我喜欢我的朋友,希望每天花几分钟和他们待在一起。但我想,我们必须承认,有许多阿斯伯格人士,他们可能永远不会与他人发展出亲密的友谊,即使他们已经学会了如何不以自我为中心,如何理解非语言信息,如何在适当的时间以适当的方式表达他们想要的和需要的,如何欣赏社交礼仪的细微差别,比如保守秘密和不越过个人空间的边界。简单地说,真正亲密的友谊往往非常难得,无论你是谁,如果我给一个阿斯伯格人士做咨询,我想我对友谊的定义一定非常诚实和客观。我会试着解释,有时候无论我们怎么做,无论我们是多好的人,但友谊的建立确实有许多不确定因素。我会举例子、讲故事,例如,人们搬到了很远的城镇,人们事务缠身,人们的日程安排不一致,人们的兴趣各有不同,人们喜欢不同的娱乐方式,而且人们各有各的难处,各有各的责任。我会试着解释,有时候天时地利人和等都会对友谊产生影响。
我担心有的阿斯伯格人士的刻板思维(死脑筋)会让他相信建立友谊的神奇方法就是:表示友善+分享玩具+保密=友谊+邀请、参加朋友聚会。我担心,如果这个等式不成立,将会发生什么?

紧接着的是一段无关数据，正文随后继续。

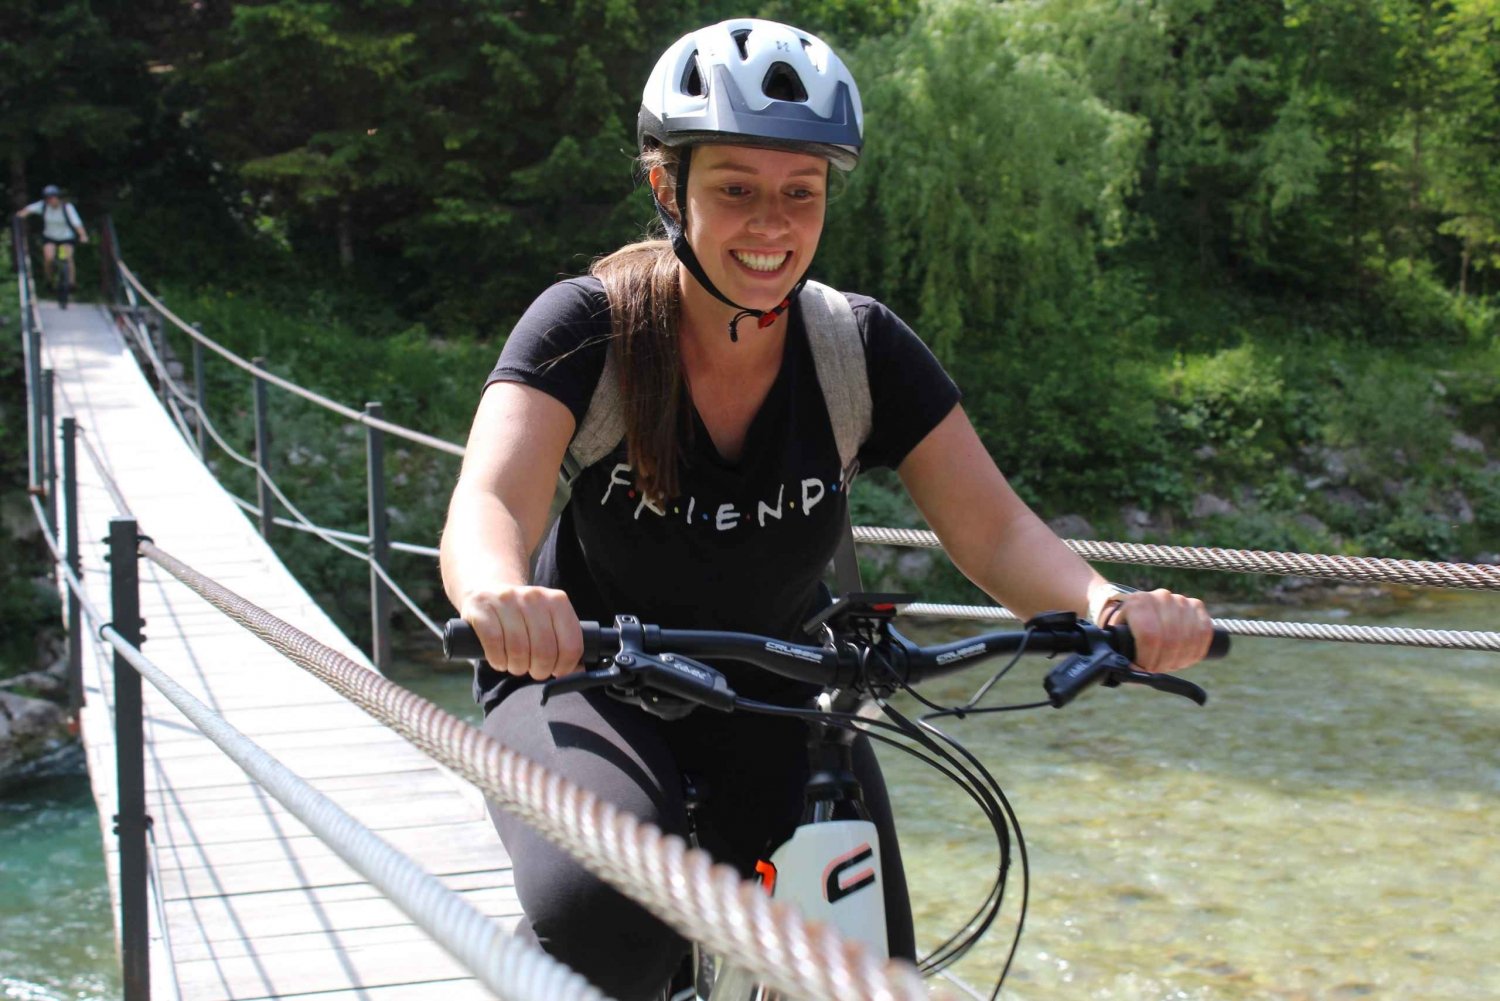 Elcykeltur i Soča-dalen: Den ultimata upptäcktsresan

我很清楚,无论有或没有一大群的朋友,生活都可以是很精彩的。但是我还是会尽量帮助阿斯伯格人士理解,友谊有许多种不同的形态,友谊可以是随意的和短暂的,也可以是牢固而持久的。我想我会尽量帮助他们寻找朋友,让他们和自己喜欢的人待在一起。他们可以有共同的兴趣爱好,共同的思想、道德观念、信仰以及共同的生活方式。我会鼓励他们加入特殊兴趣俱乐部。我会建议他们花时间和邻居、同事、同学及共同生活圈子的人交往。我会建议他们养宠物,不仅仅是因为动物可以慰藉心灵,而且动物拥有人类所有最优秀的品质,还可以让陌生的人们走到一起。这就是我的建议。通过这种高效的开诚布公的社会技能训练,可以帮助阿斯伯格人士找到适当的社交圈子,所有的阿斯伯格人士都能交上朋友。但我不能回答的问题是,他们会交上朋友吗?

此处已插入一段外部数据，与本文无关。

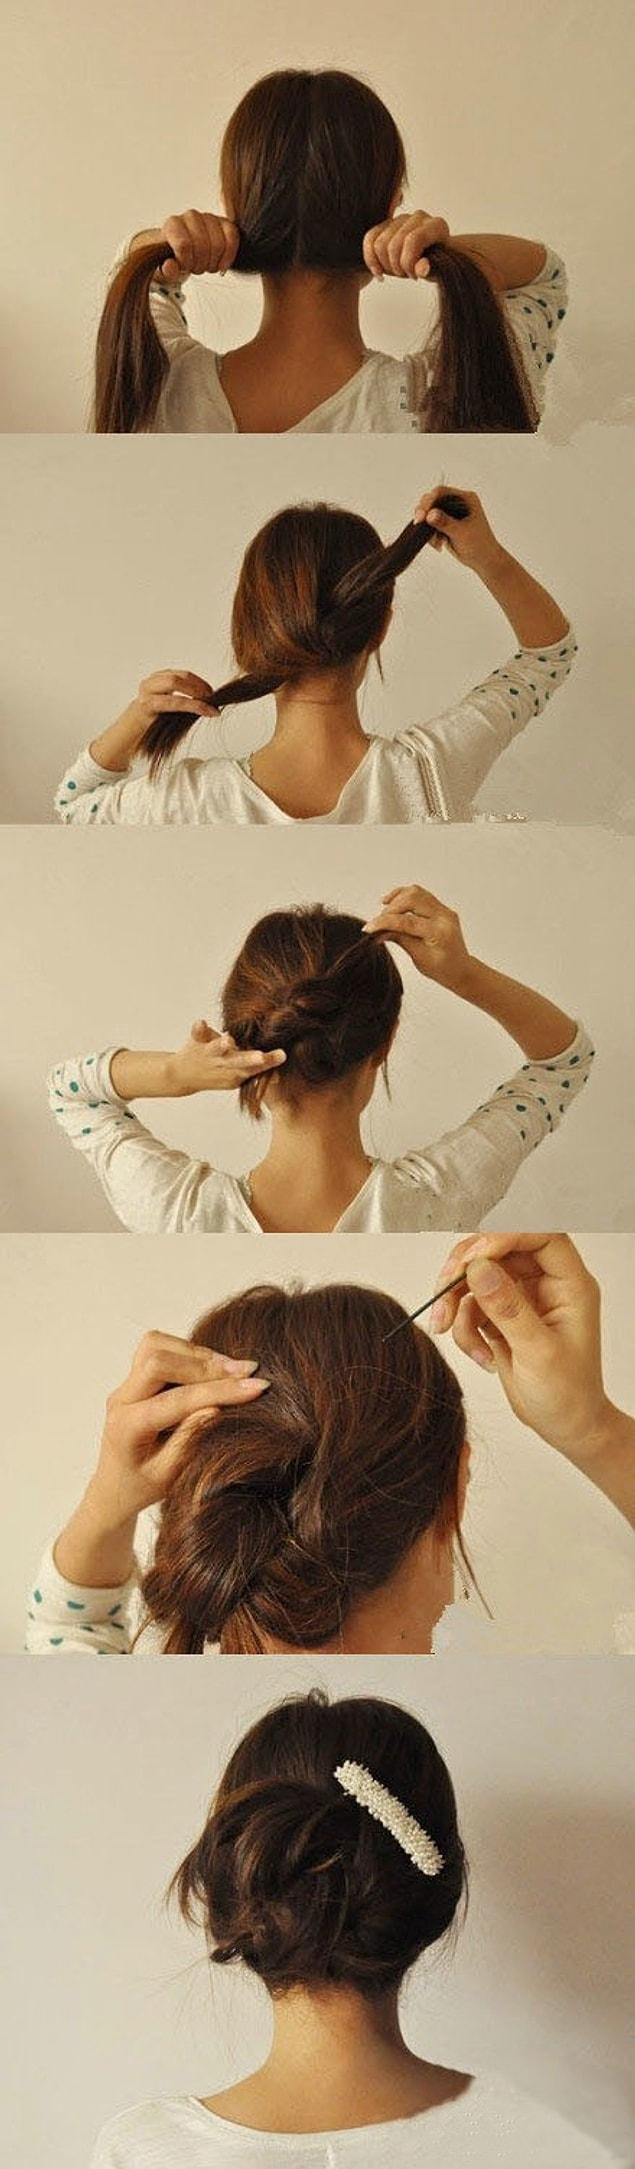 1. Saçınızı ortadan ikiye ayırın, daha sonra düğüm atarmış gibi iki yandan burun uçlarını ters istikametten saçınızın içine saklayın ve tel toka yardımı ile tutturun.

我深深地暗自担忧,就是有的阿斯伯格人士可能会苦苦寻觅友谊,但只是因为他们的阿斯伯格特征,无论他们怎么努力,也无法结交朋友。当我想到这些人的时候,我的心都快碎了,我知道,当他们蹒跚前行的时候,现实会让他们受到深深的伤害,让他们备感孤独,越来越疏远他人。一些无形的无法触摸的边界,摧毁了他们的成长,幸福变成了一个遥远的空洞,看不见,并被遗忘。
(1) 强迫性仪式动作是一套重复刻板的相互联系的动作。此种仪式动作往往对病人有特殊的意义,病人完成这种仪式是为获得幸运和吉兆,从而使内心感到安慰。